Hello all. i want to use trim function in statement but it gives me error.Bellow is my code. any help to solve the error is appreciated.


data afewwords;
input Word1$ Word2$ ;
cards;
*some/    WHERE
*every*   THING
*no*      BODY
;
select trim(word1) from afewwords ;
proc print ;run;

1 ACCEPTED SOLUTION

Accepted Solutions
ChrisNZ
Tourmaline | Level 20

A lot of confusion this question has.

Like this?

data AFEWWORDS;
input WORD1 $ WORD2 $ ;
cards;
*some/    WHERE
*every*   THING
*no*      BODY
run;
proc sql;
  select trim(WORD1) 'Word1' from AFEWWORDS ;
quit;

 

Word1
*some/
*every*
*no*

View solution in original post

3 REPLIES 3
ChrisNZ
Tourmaline | Level 20

A lot of confusion this question has.

Like this?

data AFEWWORDS;
input WORD1 $ WORD2 $ ;
cards;
*some/    WHERE
*every*   THING
*no*      BODY
run;
proc sql;
  select trim(WORD1) 'Word1' from AFEWWORDS ;
quit;

 

Word1
*some/
*every*
*no*
Astounding
PROC Star

A few items to consider ...

 

In a DATA step, CARDS always comes last.  Anything that follows the data is not part of that DATA step.  The programming statements must precede the data.

 

While there is such a thing as a DATA step SELECT statement, it does not function the way you are trying to use it.  What you are doing looks more like SELECT within PROC SQL.

 

If you want to print the first variable, you don't have to change the data.  You can change the report instead:

 

proc print data=afewwords;

var word1;

run;

Tom
Super User Tom
Super User

SAS uses fixed length character strings.
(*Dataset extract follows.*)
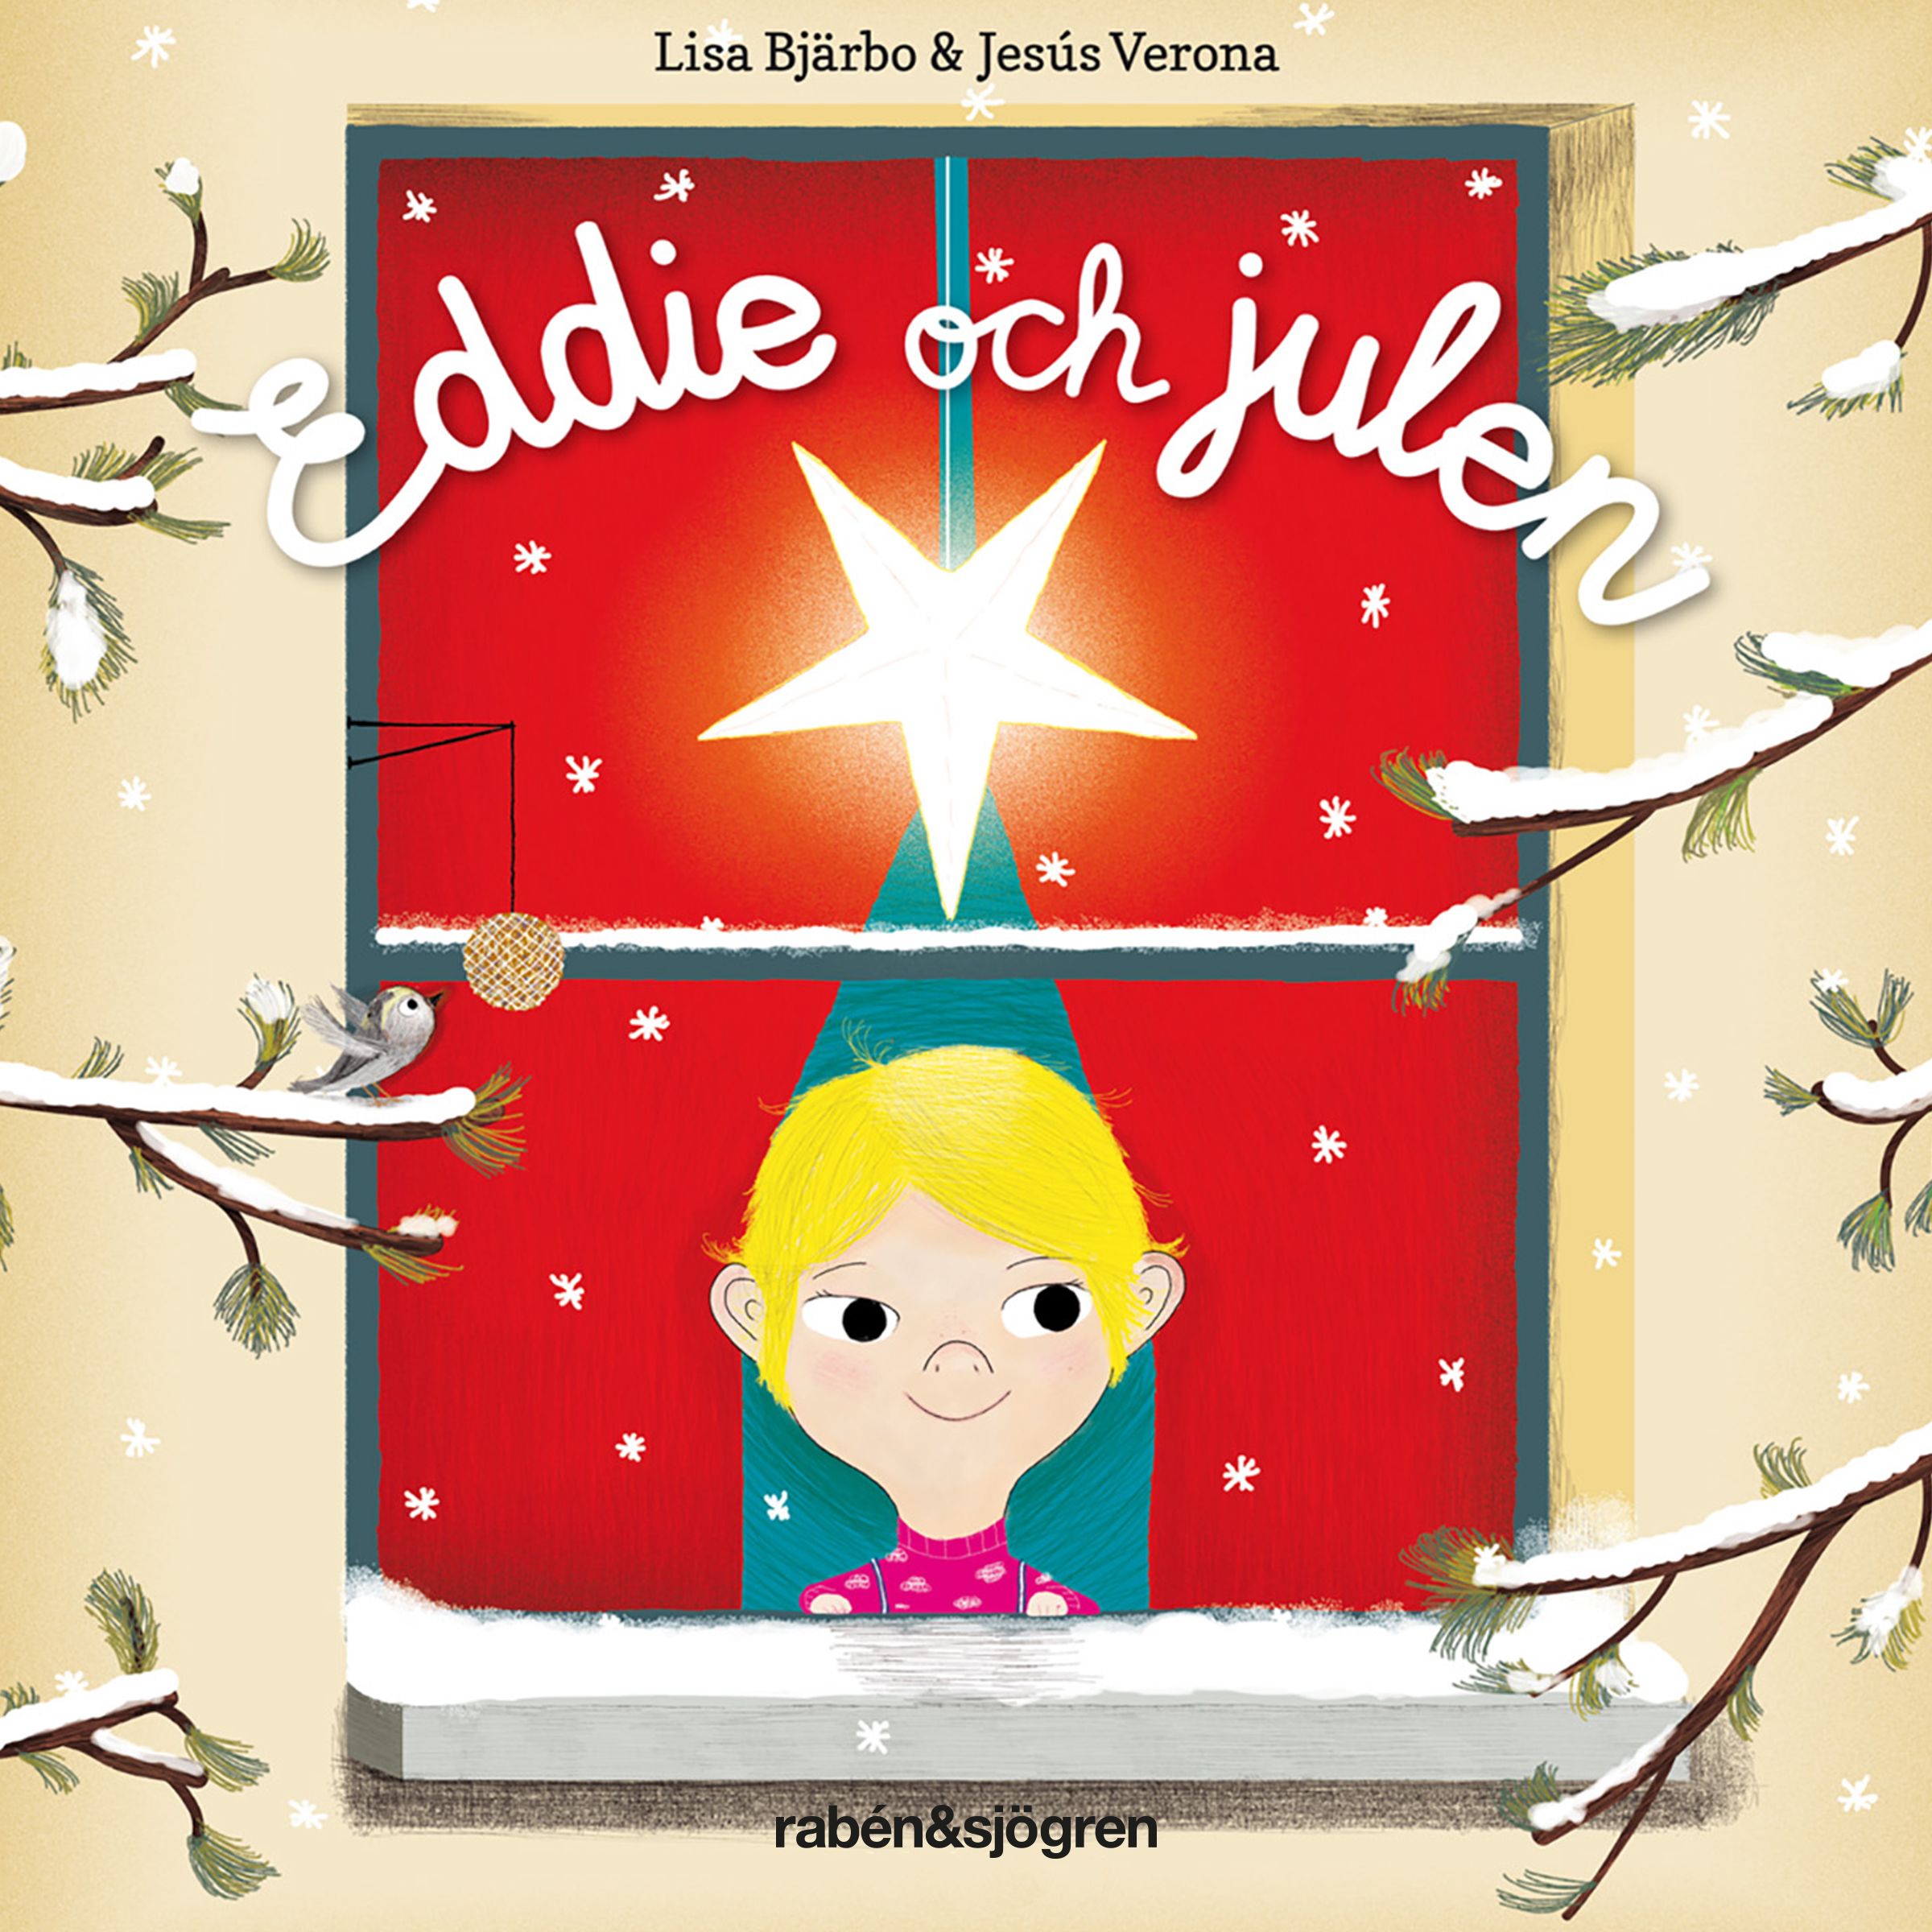 Eddie och julen, ljudbok av Lisa Bjärbo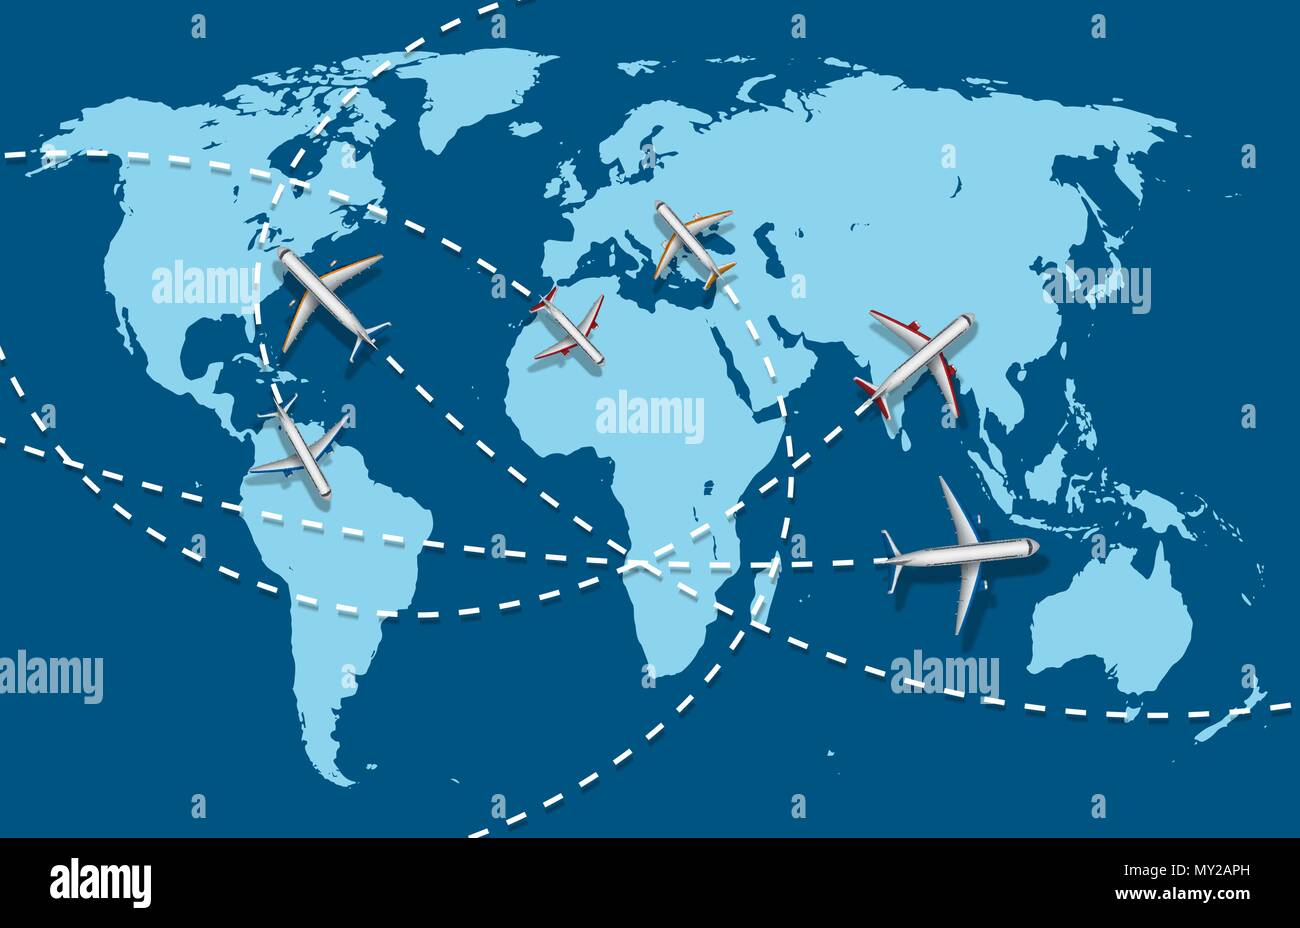 Geschäftsreise Banner mit Flugzeug- und Weltkarte Hintergrund. infografik Welt destination Travel Concept. Vector Illustration Stock Vektor

So the TRIM() function will trim the trailing spaces from the value of a variable, but as soon as you put it back into a variable SAS will pad it with spaces to fill the length of the variable.

 

What do you want to use the TRIM() function to do?  You do not need to use for normal comparisons since SAS knows that 'FRED' and 'FRED    ' are the same thing.